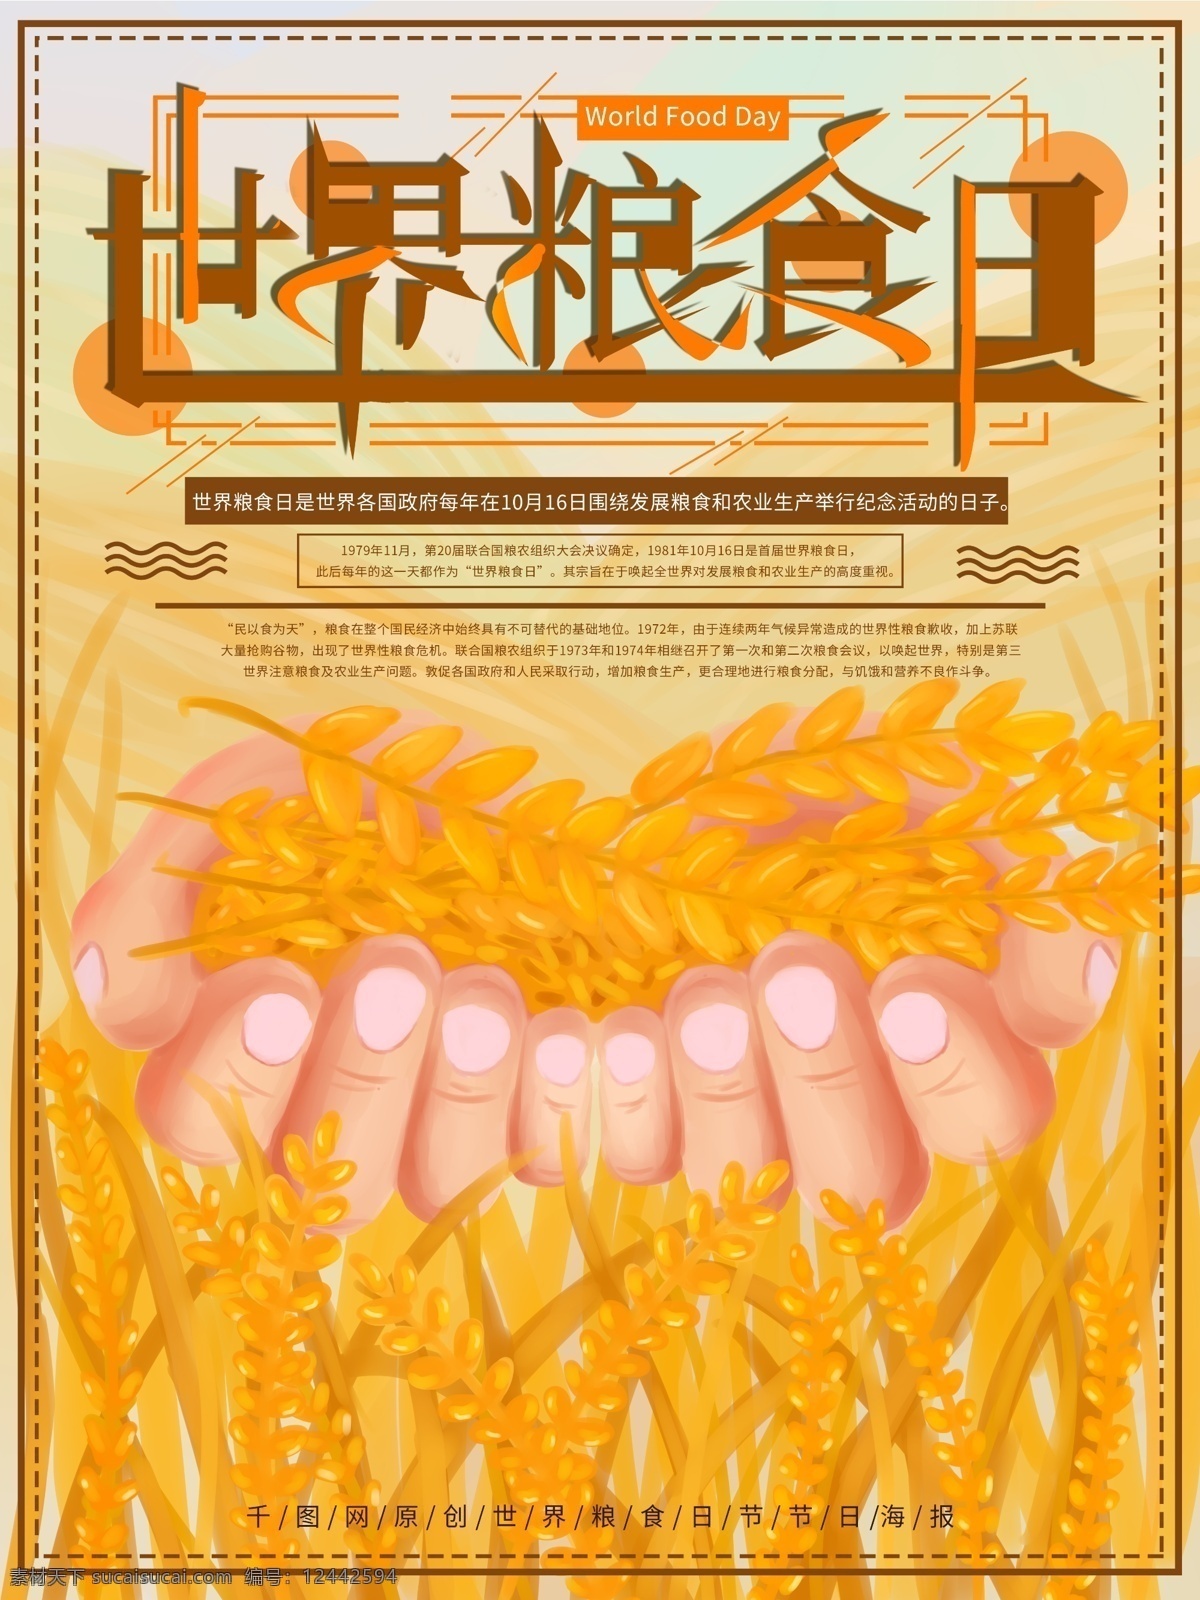 原创 手绘 世界 粮食 日 节日 海报 世界粮食日 稻谷 节日海报
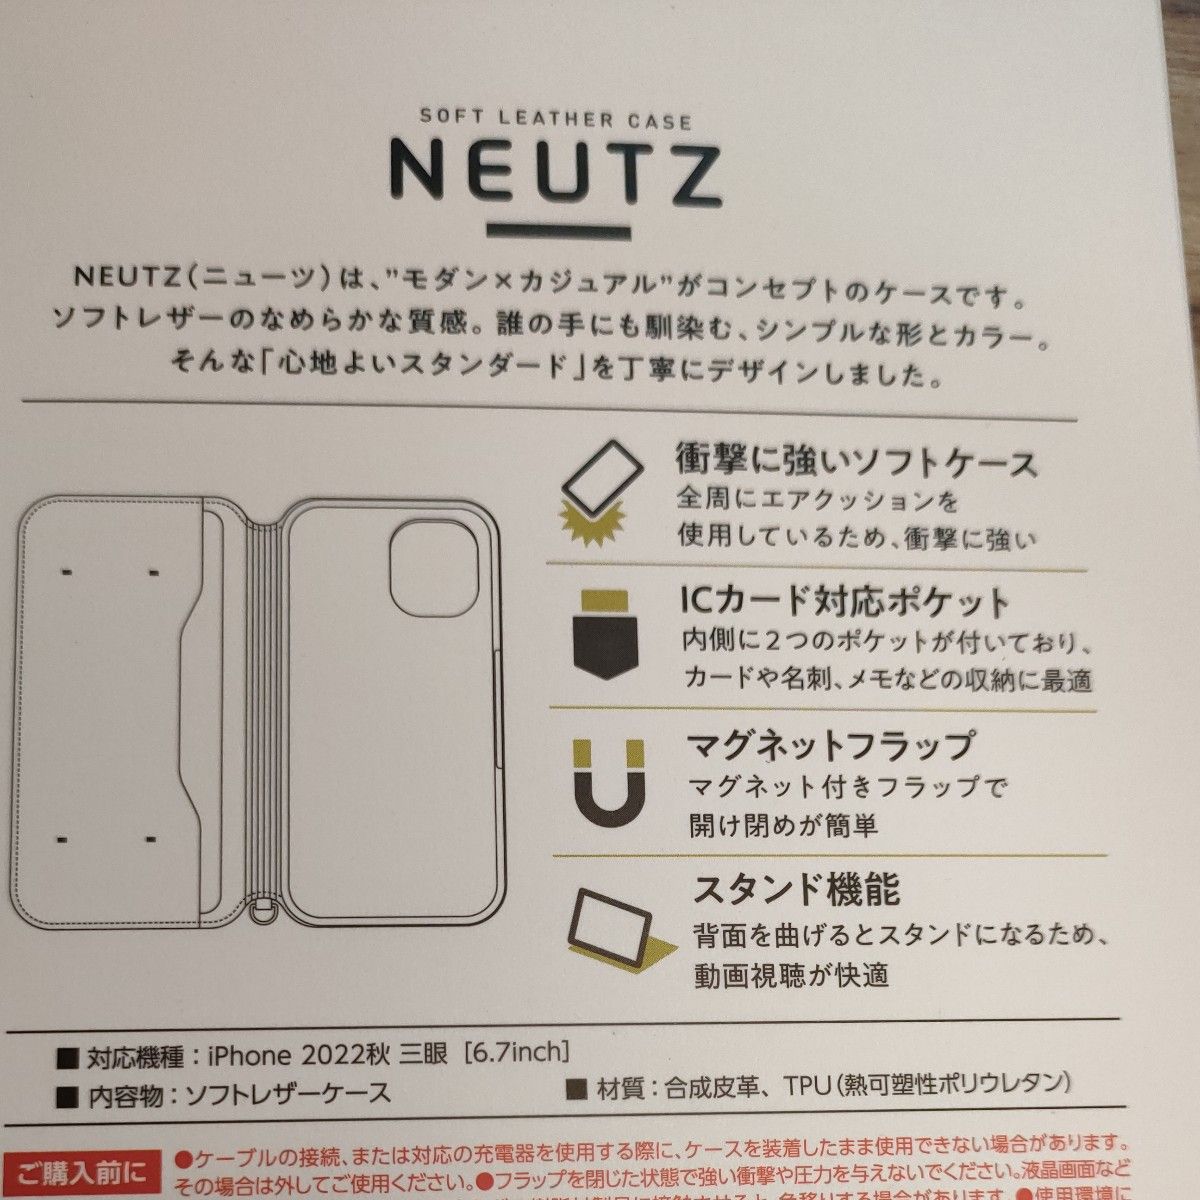  iPhone 14 Pro Max ケースカバー レザー 手帳型 マグネット耐衝撃 衝撃吸収 スタンド機能付 NEUTZ
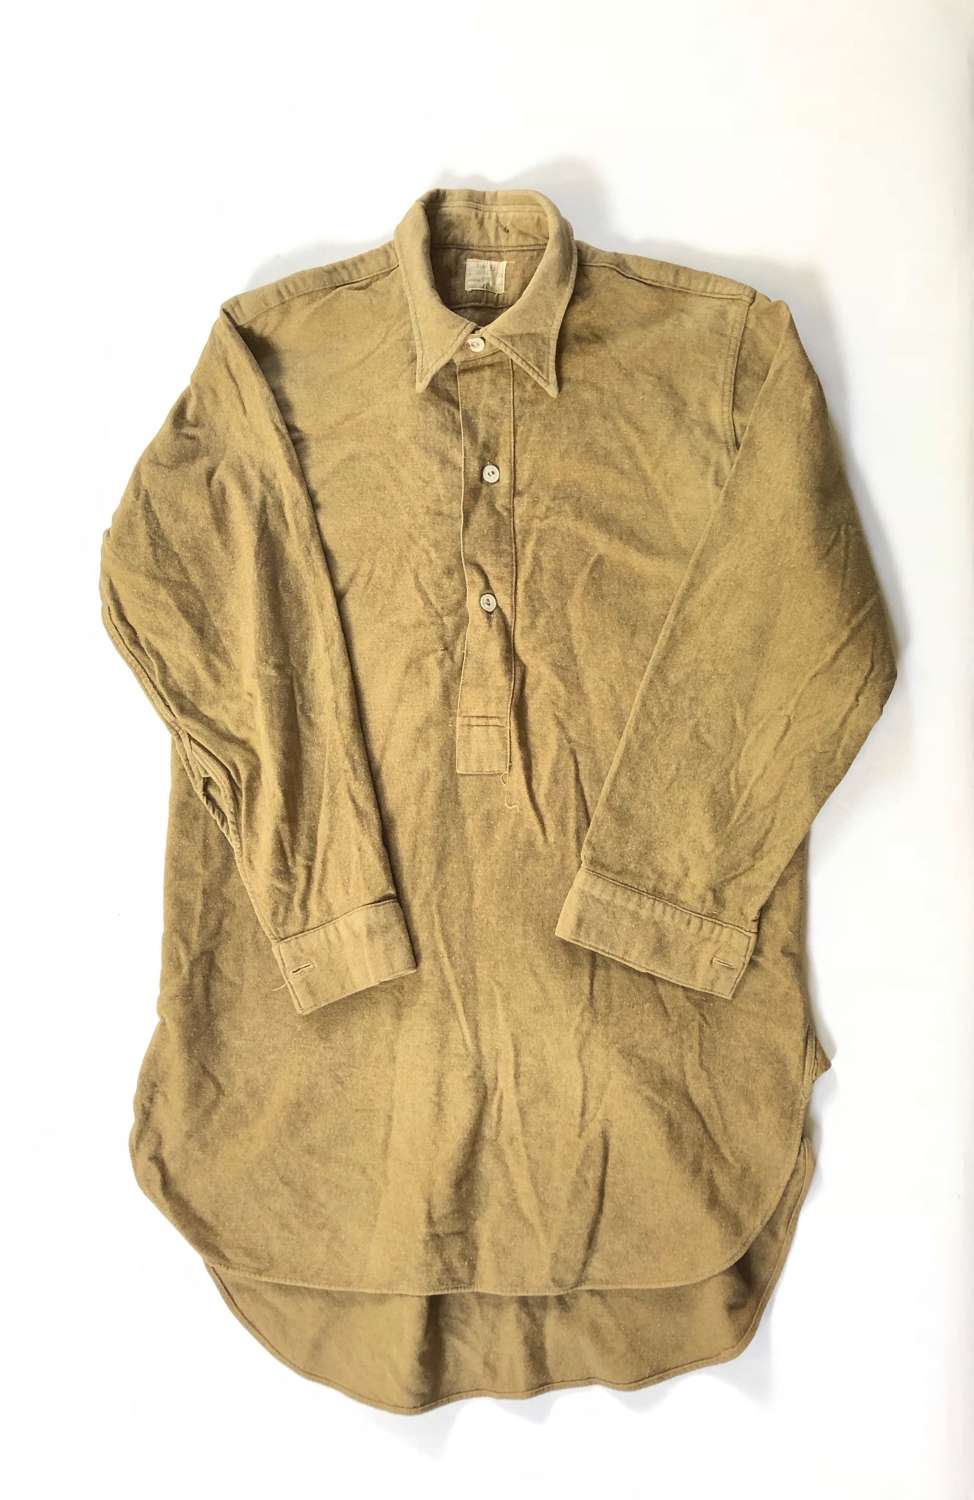 WW2 1945 British Army Issue Wool Shirt.

About this exercise:
Write the data above out again exactly, minus its pictures.

Task result:
 原创 手绘 世界 粮食 日 节日 海报 世界粮食日 稻谷 节日海报
  iPhone 14 Pro Max ケースカバー レザー 手帳型 マグネット耐衝撃 衝撃吸収 スタンド機能付 NEUTZ
 WW2 1945 British Army Issue Wool Shirt.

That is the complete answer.